What you have to do: From the records below, set down exactly the lines starting with the line that contains "Льюис Майкл - Flash" and going on through the line that contains "Участие членов Русской". Nothing else is wanted.

*** Opening Entries provided ***

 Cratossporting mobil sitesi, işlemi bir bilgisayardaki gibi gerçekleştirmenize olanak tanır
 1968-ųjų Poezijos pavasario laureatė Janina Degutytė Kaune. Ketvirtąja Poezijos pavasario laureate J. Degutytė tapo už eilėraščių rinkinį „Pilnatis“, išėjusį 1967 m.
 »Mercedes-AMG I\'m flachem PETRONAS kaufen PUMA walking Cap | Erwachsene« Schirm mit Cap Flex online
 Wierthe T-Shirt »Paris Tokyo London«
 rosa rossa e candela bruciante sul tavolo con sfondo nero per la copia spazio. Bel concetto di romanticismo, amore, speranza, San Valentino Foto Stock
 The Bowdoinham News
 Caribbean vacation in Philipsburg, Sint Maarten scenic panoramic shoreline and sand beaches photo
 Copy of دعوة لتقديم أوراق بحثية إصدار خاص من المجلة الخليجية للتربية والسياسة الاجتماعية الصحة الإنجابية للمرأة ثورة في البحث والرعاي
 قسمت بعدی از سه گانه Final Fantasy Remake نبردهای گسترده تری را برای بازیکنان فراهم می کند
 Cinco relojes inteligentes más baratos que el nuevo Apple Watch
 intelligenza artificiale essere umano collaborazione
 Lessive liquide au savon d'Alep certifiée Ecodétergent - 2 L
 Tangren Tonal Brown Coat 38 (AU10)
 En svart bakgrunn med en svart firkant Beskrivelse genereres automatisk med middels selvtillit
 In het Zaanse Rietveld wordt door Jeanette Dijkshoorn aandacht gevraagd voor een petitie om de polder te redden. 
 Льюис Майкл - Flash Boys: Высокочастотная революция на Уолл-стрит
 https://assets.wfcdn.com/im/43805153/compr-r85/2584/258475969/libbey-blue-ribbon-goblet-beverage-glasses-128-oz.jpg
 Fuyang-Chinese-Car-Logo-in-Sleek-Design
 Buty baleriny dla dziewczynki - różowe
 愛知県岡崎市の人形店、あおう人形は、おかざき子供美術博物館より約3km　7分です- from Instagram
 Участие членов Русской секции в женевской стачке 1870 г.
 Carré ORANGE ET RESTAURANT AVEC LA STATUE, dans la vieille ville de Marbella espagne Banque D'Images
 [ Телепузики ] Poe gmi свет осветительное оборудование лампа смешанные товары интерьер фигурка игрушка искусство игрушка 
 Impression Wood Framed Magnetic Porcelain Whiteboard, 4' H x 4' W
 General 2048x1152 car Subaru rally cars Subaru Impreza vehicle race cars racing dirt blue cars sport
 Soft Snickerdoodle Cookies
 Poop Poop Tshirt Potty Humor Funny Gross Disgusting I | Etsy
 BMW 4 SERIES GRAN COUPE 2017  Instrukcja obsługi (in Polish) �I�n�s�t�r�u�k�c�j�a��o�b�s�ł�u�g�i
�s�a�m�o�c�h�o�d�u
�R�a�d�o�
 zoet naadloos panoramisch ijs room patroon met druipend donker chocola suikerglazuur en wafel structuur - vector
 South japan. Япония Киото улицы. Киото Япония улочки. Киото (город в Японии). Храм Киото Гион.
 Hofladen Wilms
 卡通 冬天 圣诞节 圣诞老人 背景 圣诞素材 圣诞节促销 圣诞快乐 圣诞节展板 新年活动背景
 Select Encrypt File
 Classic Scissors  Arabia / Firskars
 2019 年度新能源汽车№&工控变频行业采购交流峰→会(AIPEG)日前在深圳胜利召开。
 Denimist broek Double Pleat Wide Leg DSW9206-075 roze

*** Closing Entries provided ***

Answer to this task:
 Льюис Майкл - Flash Boys: Высокочастотная революция на Уолл-стрит
 https://assets.wfcdn.com/im/43805153/compr-r85/2584/258475969/libbey-blue-ribbon-goblet-beverage-glasses-128-oz.jpg
 Fuyang-Chinese-Car-Logo-in-Sleek-Design
 Buty baleriny dla dziewczynki - różowe
 愛知県岡崎市の人形店、あおう人形は、おかざき子供美術博物館より約3km　7分です- from Instagram
 Участие членов Русской секции в женевской стачке 1870 г.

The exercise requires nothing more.